When Matthew Bowman ’20 explains to people that his science research project doesn’t involve test tubes or complex equations, he often gets a perplexed reaction.
That’s because Bowman is researching science education in hopes of improving teacher practices. His summer PRISM project with Dr. Benjamin Campbell focuses on qualitative research that straddles the social science and natural science spheres.
“This is very different from other research projects—it’s people, not test tubes,” said Bowman. “When you are working with people, you have to go about it a whole different way.”
The rising junior from Martinsville is no stranger to a heavy workload. He is majoring in biology with minors in chemistry and earth science, and a concentration in secondary education. His career goal is to become a science teacher and then move into school administration.
“Good science education research is about improving practice,” said Campbell, assistant professor of science education. “Matthew is a future teacher, and he’s already doing research on improving teacher practice. It’s going to segue nicely into what he’s going to be doing in two short years.”

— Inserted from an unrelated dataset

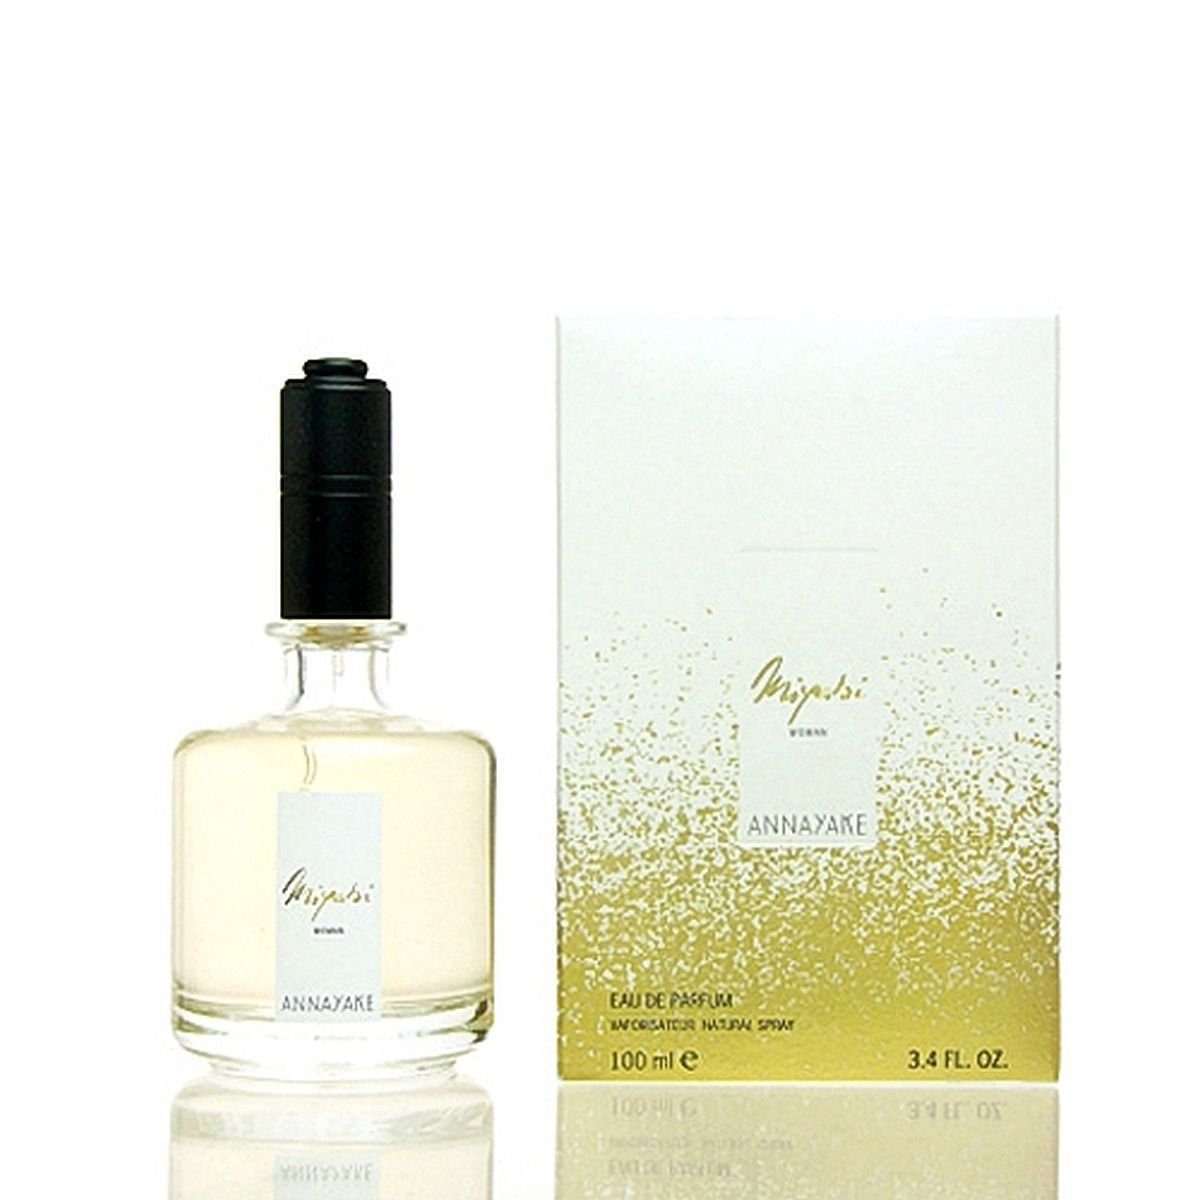 ANNAYAKE Eau de Parfum Annayake de Woman de Miyabi Parfum 100 Eau Produktart: Eau ml, Parfum

Bowman is among the Longwood students selected to participate in eight weeks of intensive research through the university’s signature PRISM summer research program. The program pairs a faculty member with a student for one-on-one collaboration on projects in biology, chemistry, environmental science, science education, mathematics, computer science, physics and psychology.
This is very different from other research projects—it’s people, not test tubes. When you are working with people, you have to go about it a whole different way.Matthew Bowman ’20
The ultimate goal of Campbell’s PRISM project is to develop a planning tool to help science teachers better conceive and organize their lessons.
“In our methods classes, we teach pedagogy, but I don’t think a lot of students make the connection that someone had to research how we should plan lessons or how we should map out, scope and sequence for a unit,” Campbell said. “A lot of undergraduates don’t get the perspective of how that research comes about, but this summer Matthew is.”
As part of the project, Campbell and Bowman interviewed a group of local high-school science teachers and had them complete a representation of photosynthesis and cellular respiration. Then the researchers scored the representation and accompanying explanation to see if the teachers were incorporating broader Advanced Placement (AP) standards in the lesson or if their drawings reflected only Standards of Learning (SOL) basics.
“Most teachers have a college or higher-level degree in science, so they should be using that training,” Bowman explained. “We are looking to see if teachers are incorporating the bigger picture.”
Bowman began working on the project in January, and he said PRISM has helped to improve his critical thinking, professional and presentation skills. His experience in mapping curriculum will also be beneficial once he moves into the classroom.
“This is valuable information that I’m going to use on day one when I become a teacher,” Bowman said. “I can take this concept model and use it as a planning tool.”
Once phase one of the project is complete, Campbell and Bowman will continue to phase two. In total they will be testing16 different concept models that cover the four areas of high-school science: earth science, biology, chemistry and physics. Campbell is collaborating with a colleague at Brigham Young University in Utah who is conducting the same project. They plan to combine their work to produce a larger data set.
At the end of the project, Bowman will make a presentation about his research and write a paper. He and Campbell are hoping to modify the presentation and present it next summer at the Virginia Academy of Sciences annual meeting. They will also look to submit the paper for publication.
Bowman, a member of the Cormier Honors College and a Longwood Ambassador, said that during his college search he was enticed by the one-on-one research opportunities Longwood provides. It’s one of the aspects of academic life he now highlights for prospective students in his work with the Longwood admissions office.
“It’s fantastic and amazing that we have a program like PRISM,” said Campbell, a former high-school science teacher who joined the ranks of Longwood faculty in 2016. “It’s so supportive, generous and accessible. I think every faculty member in the science building who has wanted to participate has done it at least once. There’s a lot of support in general for student research here.”